• HOW TO COMPLETE THIS TASK:
From the first line of the data down to the line bearing "butterflies, light dust", output every line exactly and include no pictures.

• SUPPLIED MATERIAL:
————————
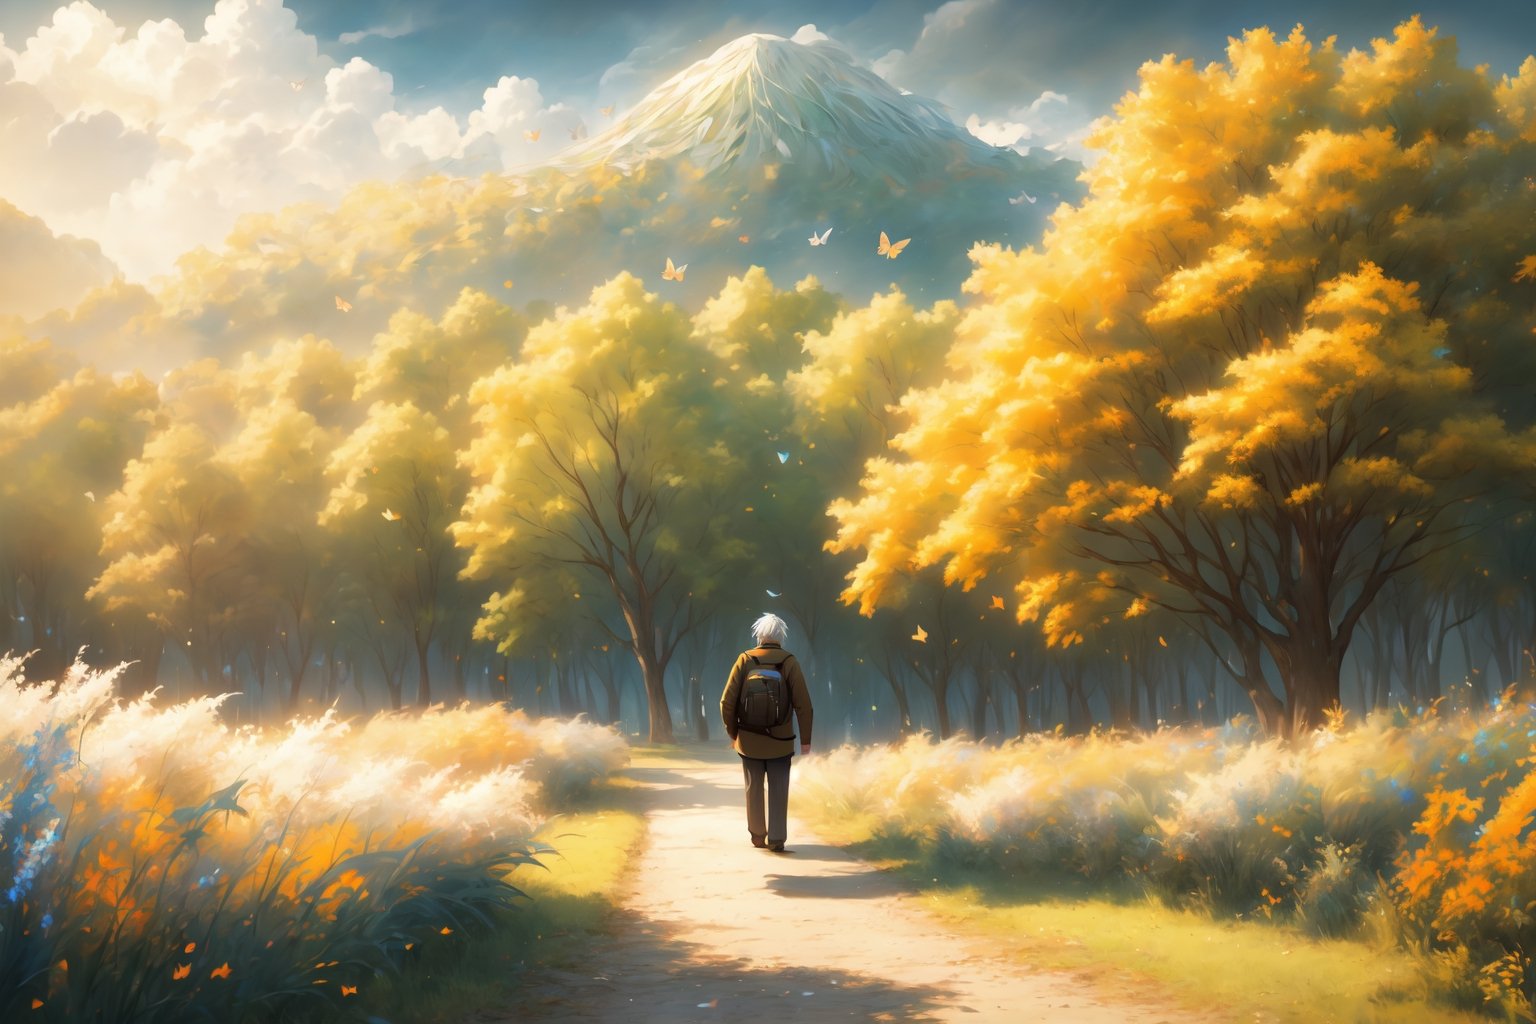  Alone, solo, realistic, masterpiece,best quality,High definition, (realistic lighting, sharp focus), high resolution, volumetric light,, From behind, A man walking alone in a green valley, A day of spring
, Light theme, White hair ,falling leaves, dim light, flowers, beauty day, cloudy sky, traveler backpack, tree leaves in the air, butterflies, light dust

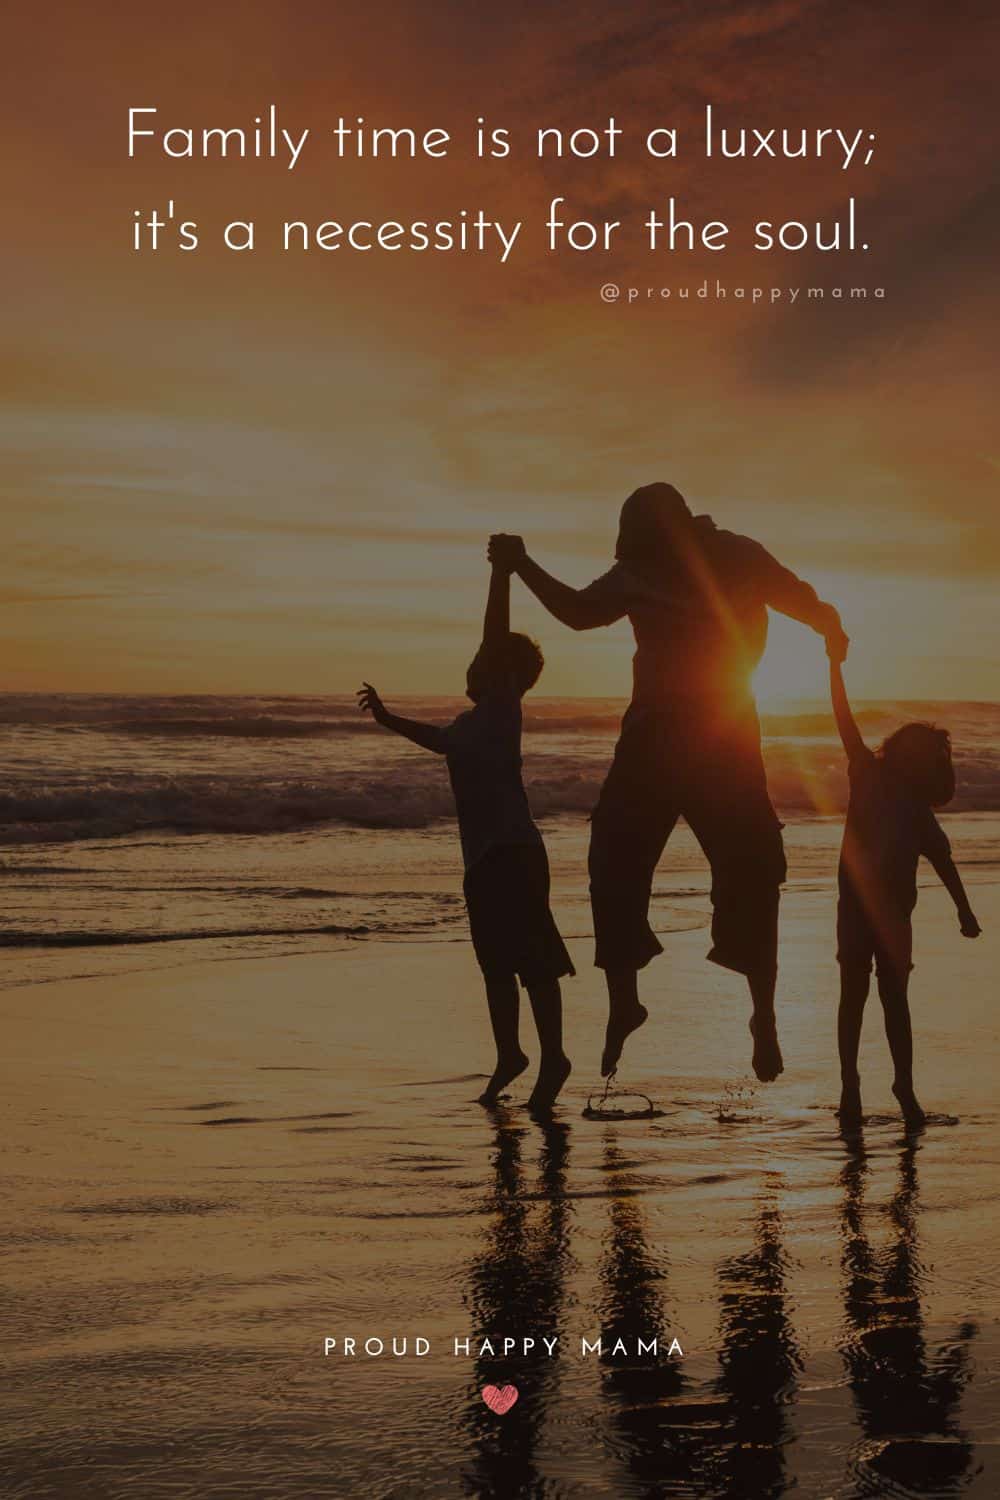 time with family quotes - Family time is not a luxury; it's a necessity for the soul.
————————
• WRITTEN SOLUTION:
  Alone, solo, realistic, masterpiece,best quality,High definition, (realistic lighting, sharp focus), high resolution, volumetric light,, From behind, A man walking alone in a green valley, A day of spring
, Light theme, White hair ,falling leaves, dim light, flowers, beauty day, cloudy sky, traveler backpack, tree leaves in the air, butterflies, light dust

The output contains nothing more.